Every line below from the one with "aimé leon dore" through the one with "John G. Jackson" is to be repeated exactly, with no picture among them.

──────── Task input

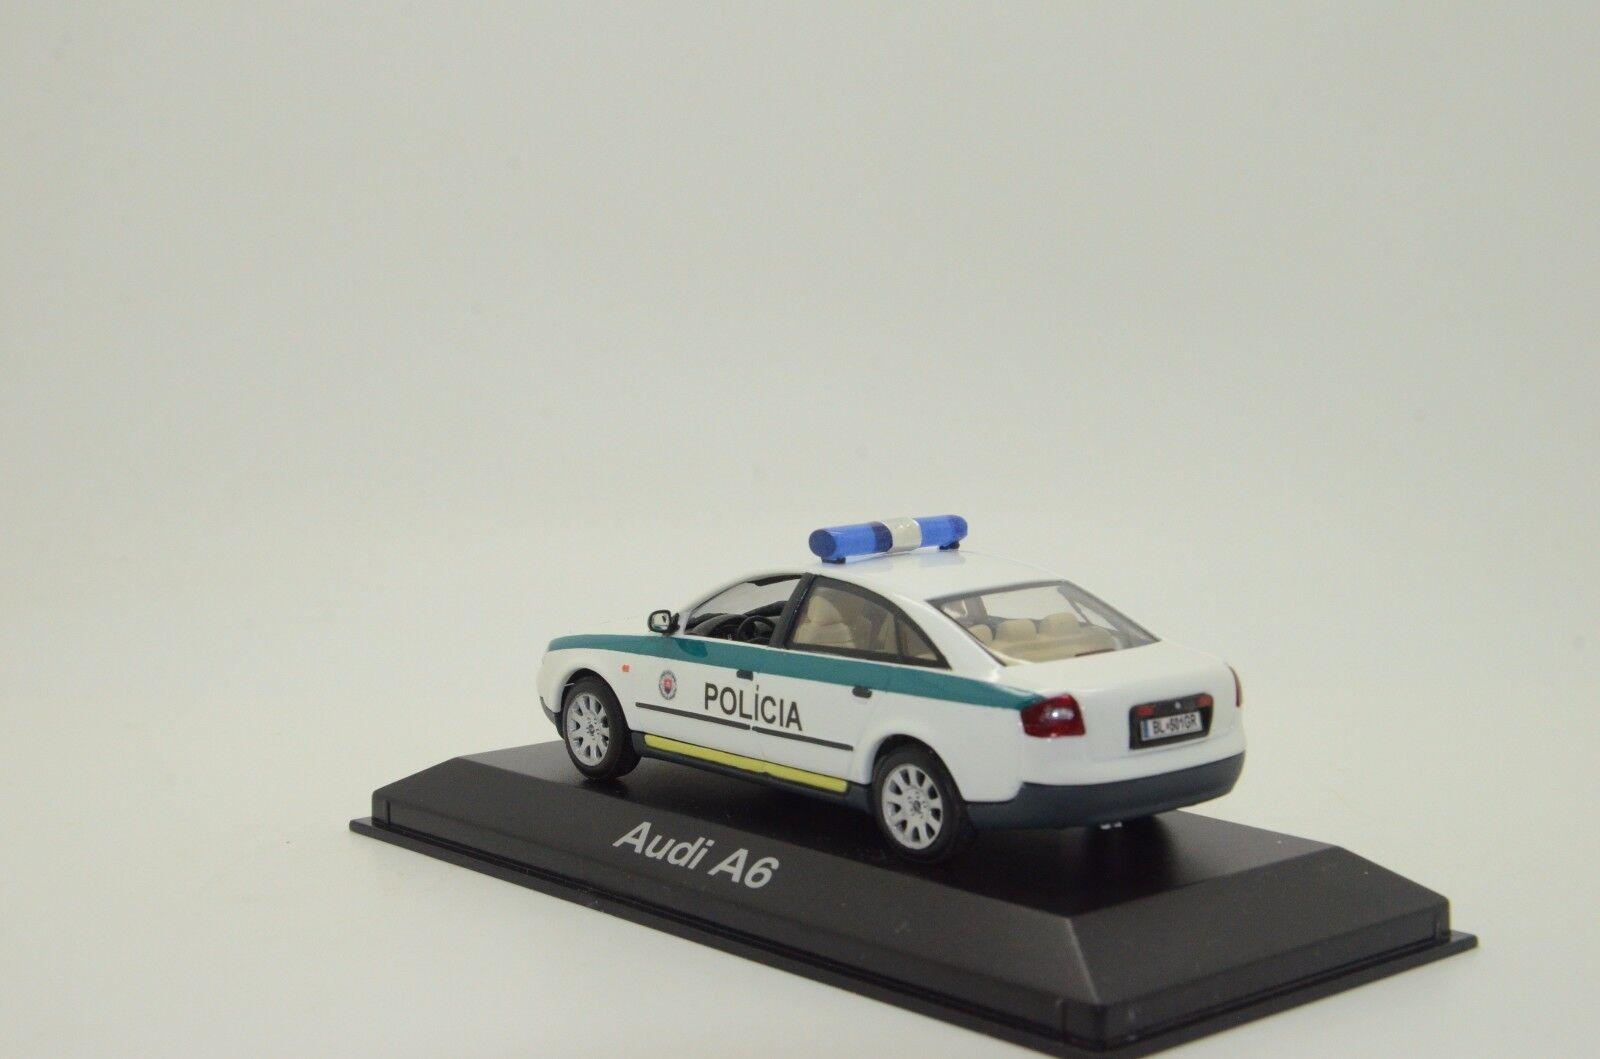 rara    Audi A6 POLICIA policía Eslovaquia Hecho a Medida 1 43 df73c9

────────────────
──────── Task input

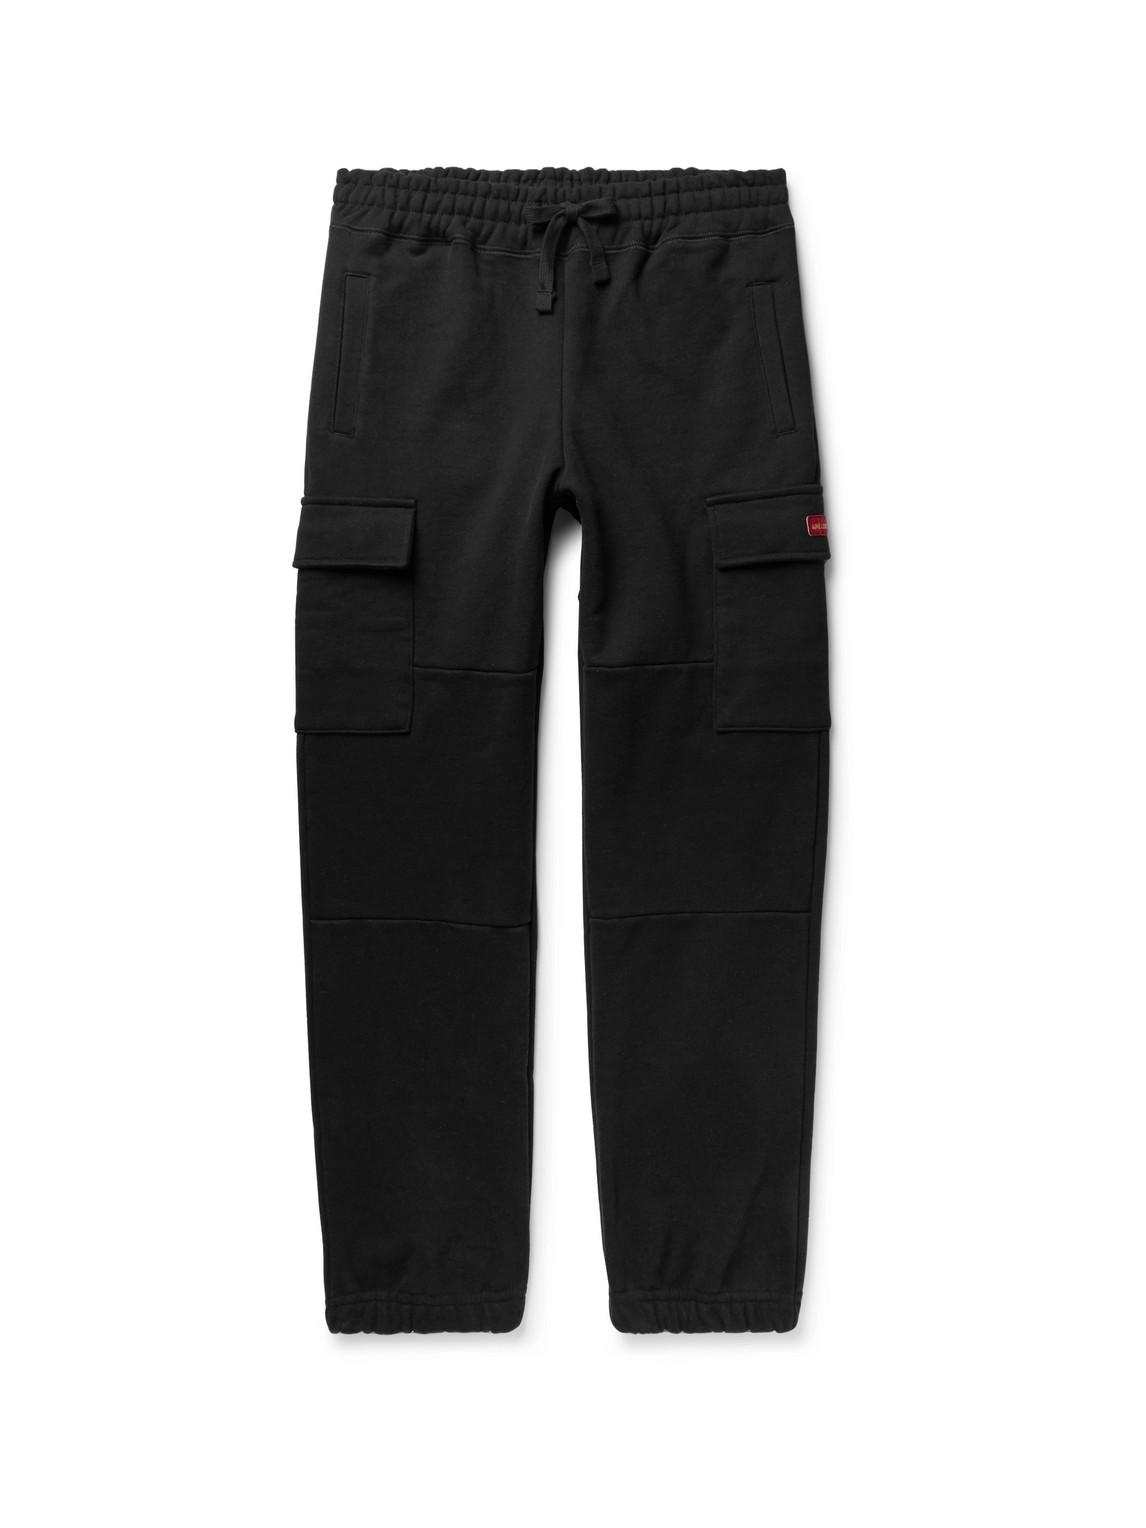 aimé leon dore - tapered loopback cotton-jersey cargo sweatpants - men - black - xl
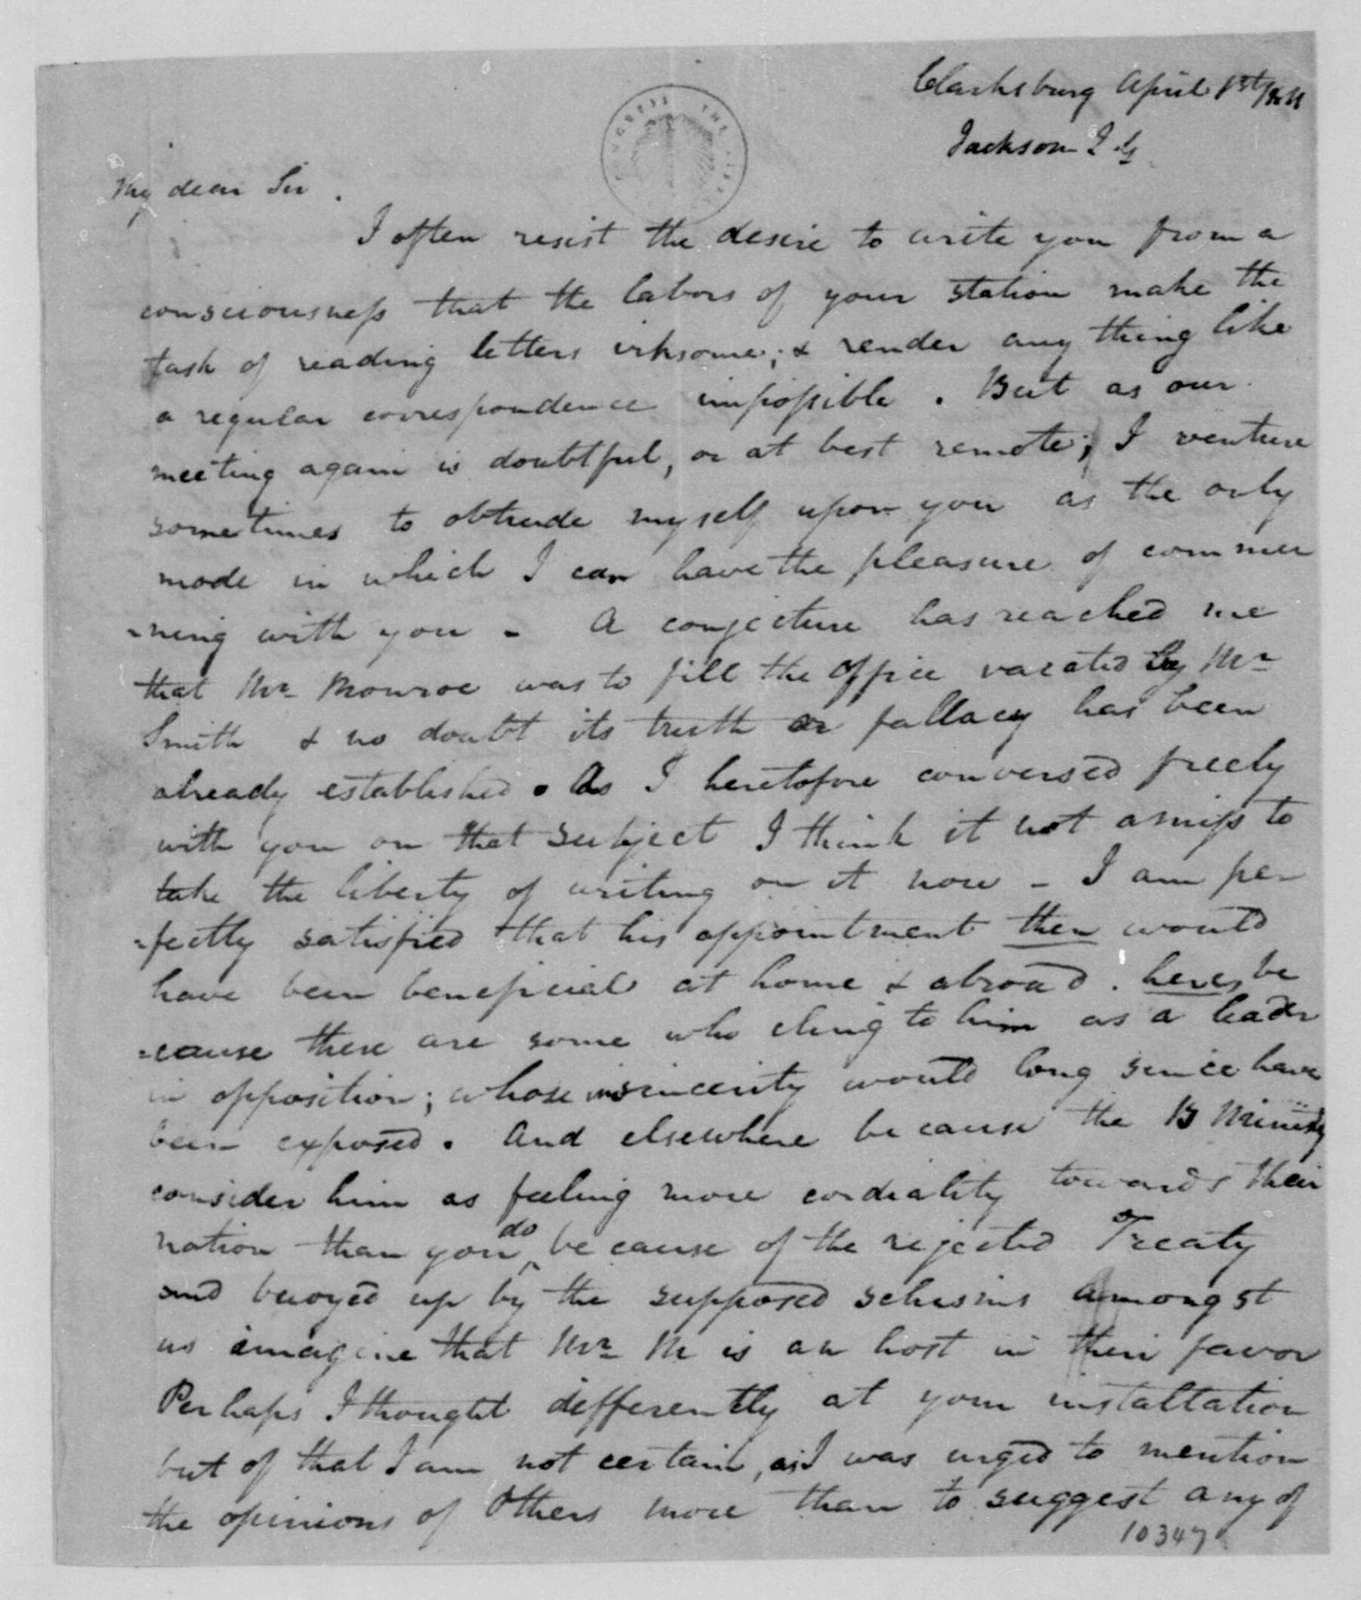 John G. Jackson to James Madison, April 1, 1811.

────────────────
──────── Task input

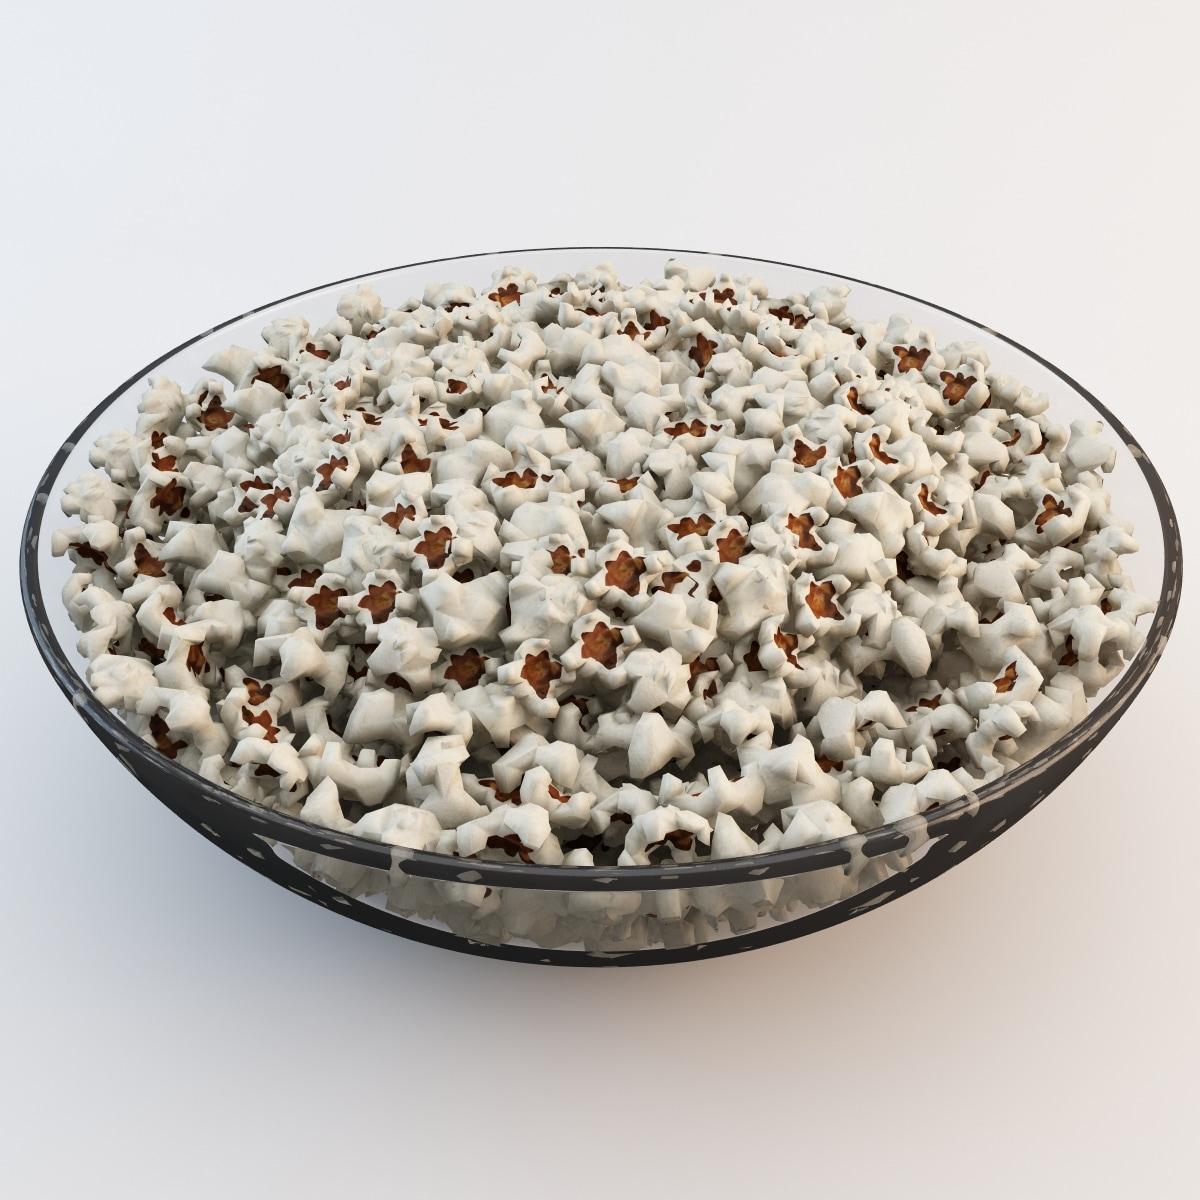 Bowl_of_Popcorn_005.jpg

────────────────

(Response area)
 aimé leon dore - tapered loopback cotton-jersey cargo sweatpants - men - black - xl
 John G. Jackson to James Madison, April 1, 1811.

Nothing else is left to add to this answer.